:: RECORDS SUPPLIED ::
____________________

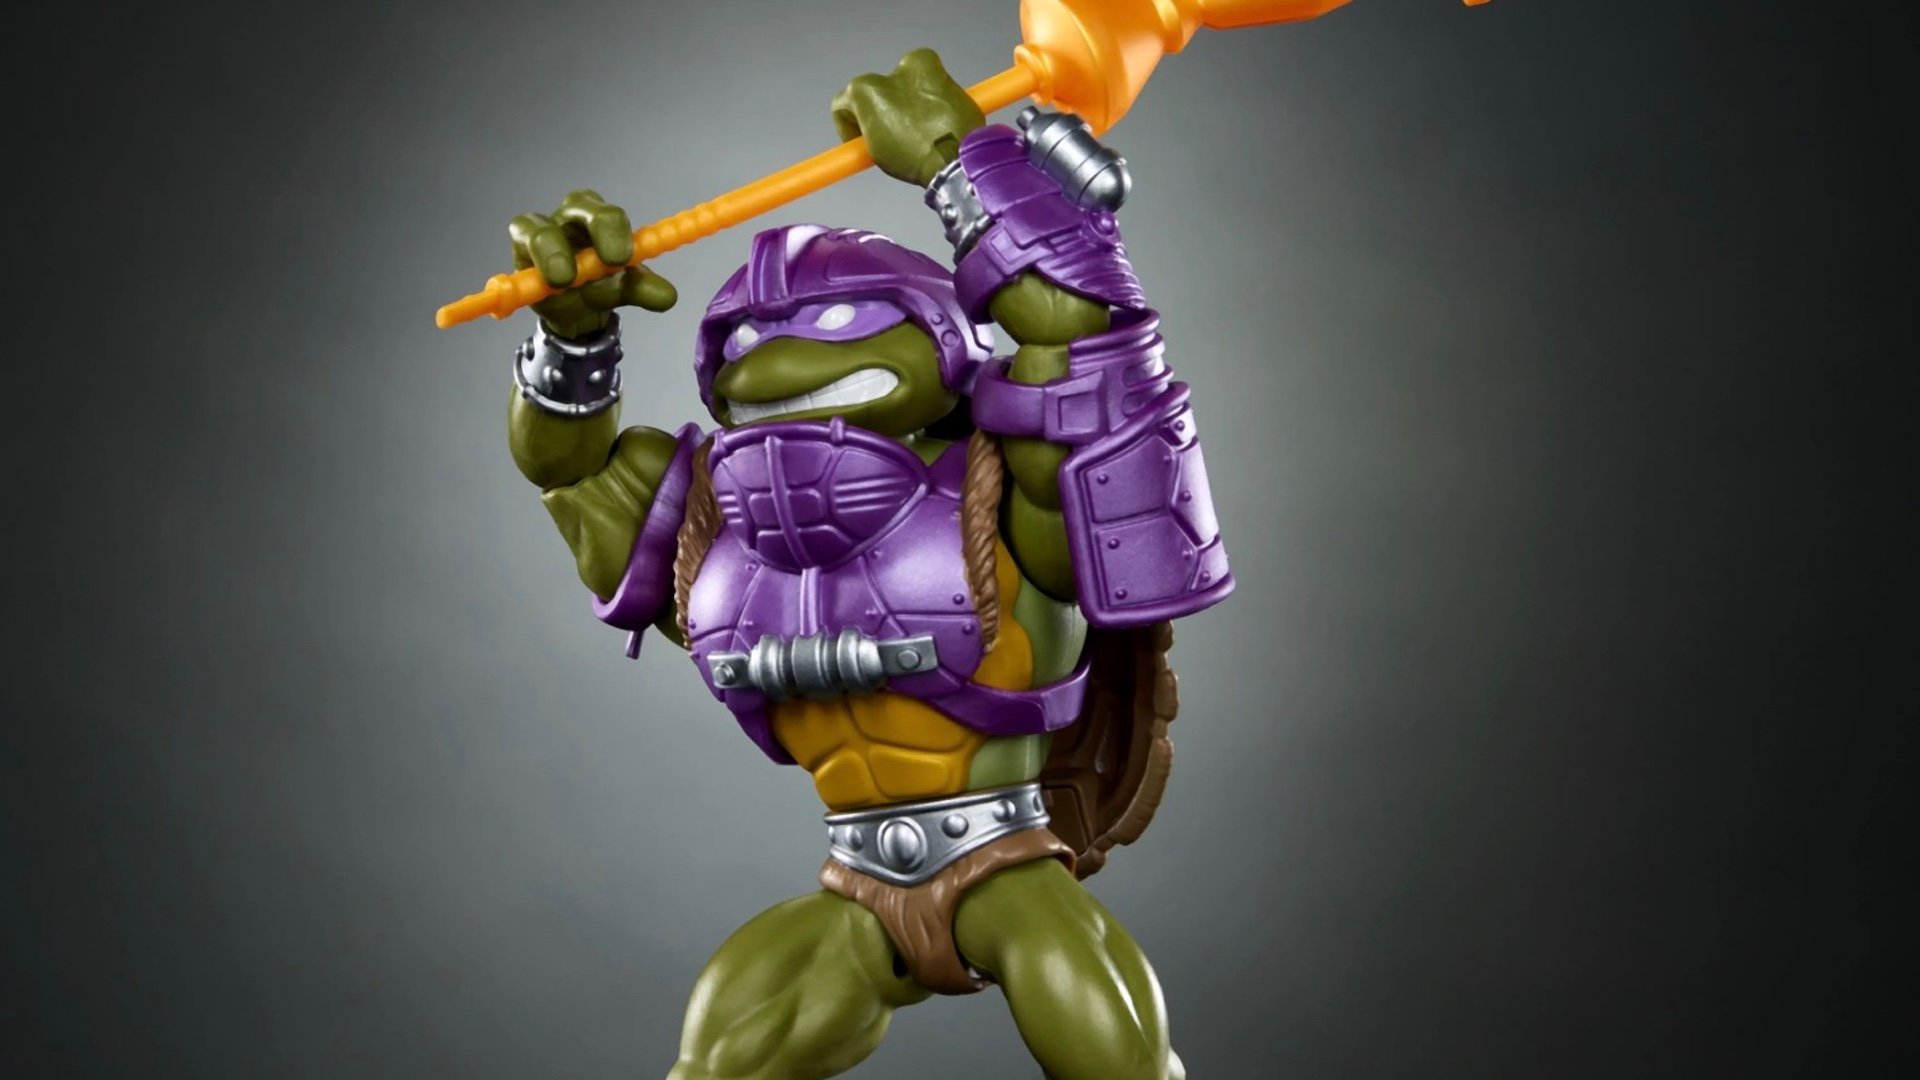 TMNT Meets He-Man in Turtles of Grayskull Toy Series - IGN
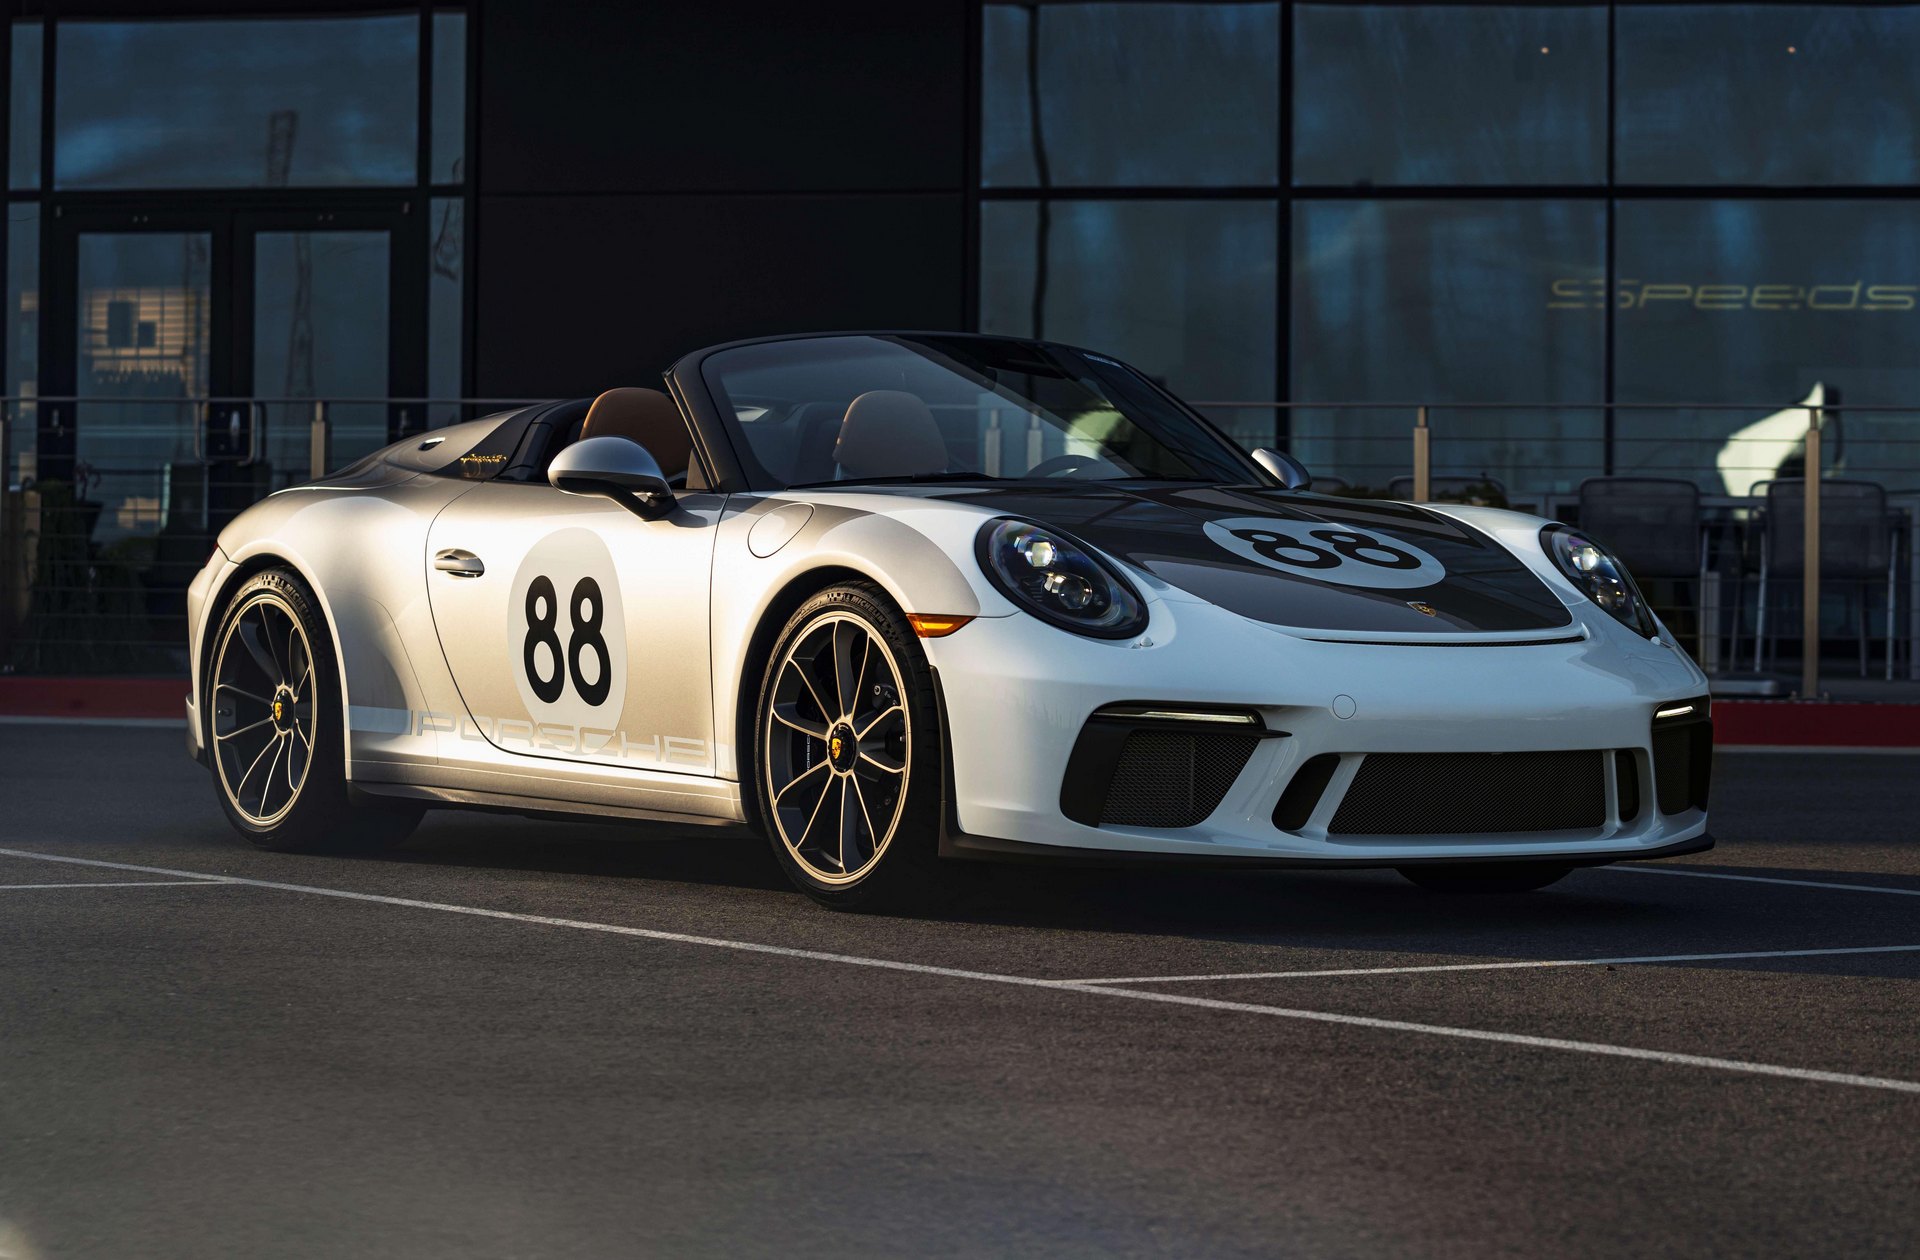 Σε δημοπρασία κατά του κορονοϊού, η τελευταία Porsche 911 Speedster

____________________

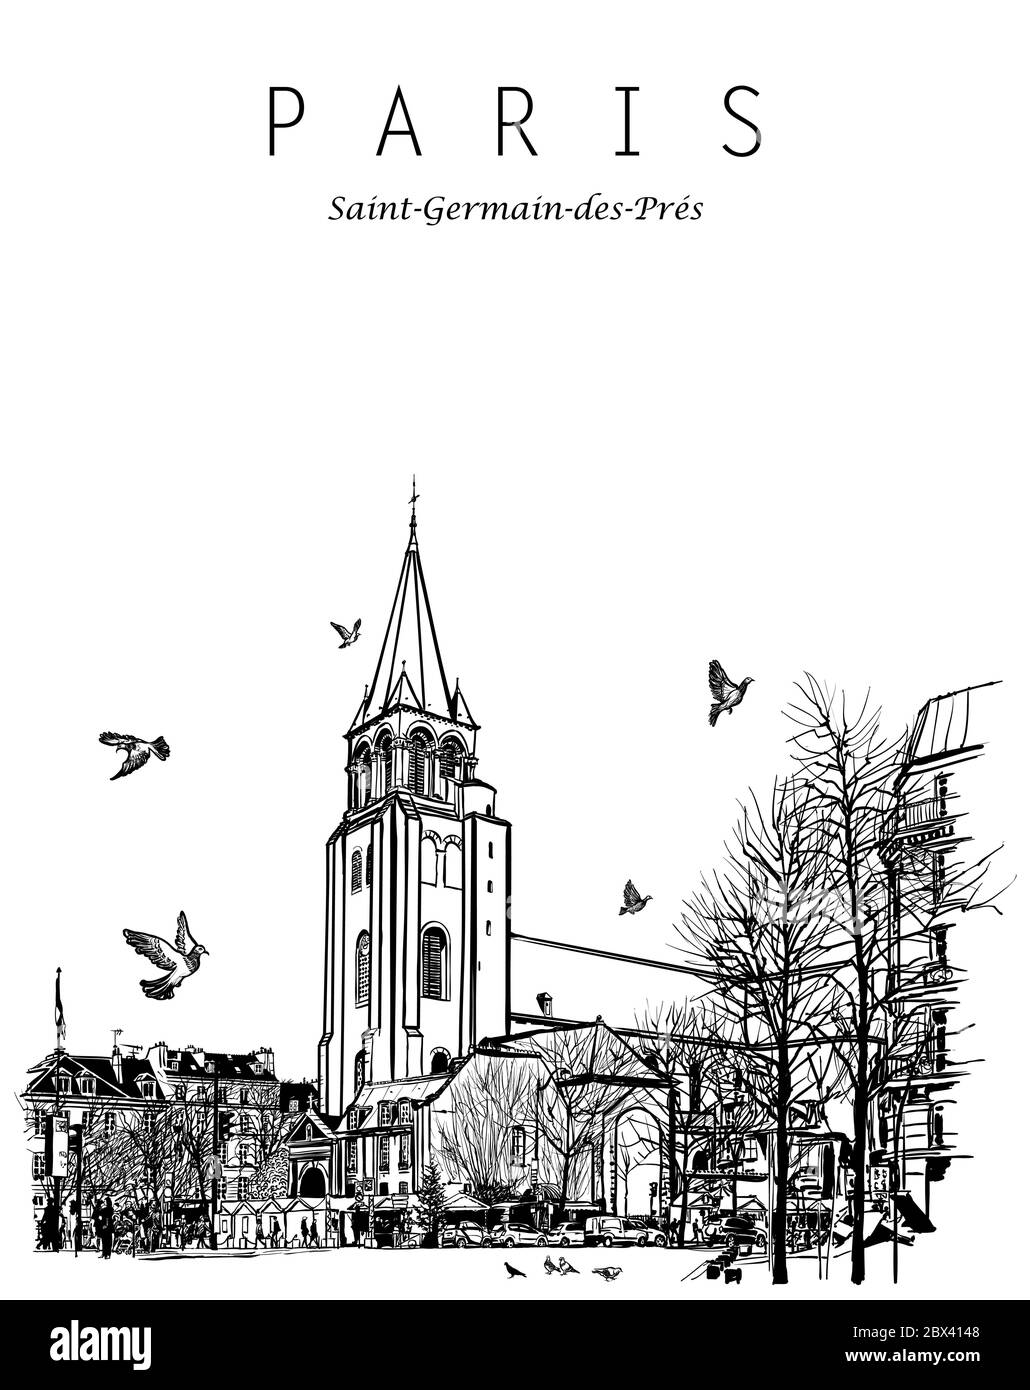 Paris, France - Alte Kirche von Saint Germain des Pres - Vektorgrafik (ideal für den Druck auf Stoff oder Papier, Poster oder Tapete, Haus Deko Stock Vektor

____________________

:: WHAT YOU NEED TO DO ::
Within the entries above, the lines from the one containing "TMNT Meets He-Man" through the one containing "Σε δημοπρασία κατά" are to be transcribed exactly, ends included, pictures excluded.

:: RESPONSE TO THIS EXERCISE ::
 TMNT Meets He-Man in Turtles of Grayskull Toy Series - IGN
 Σε δημοπρασία κατά του κορονοϊού, η τελευταία Porsche 911 Speedster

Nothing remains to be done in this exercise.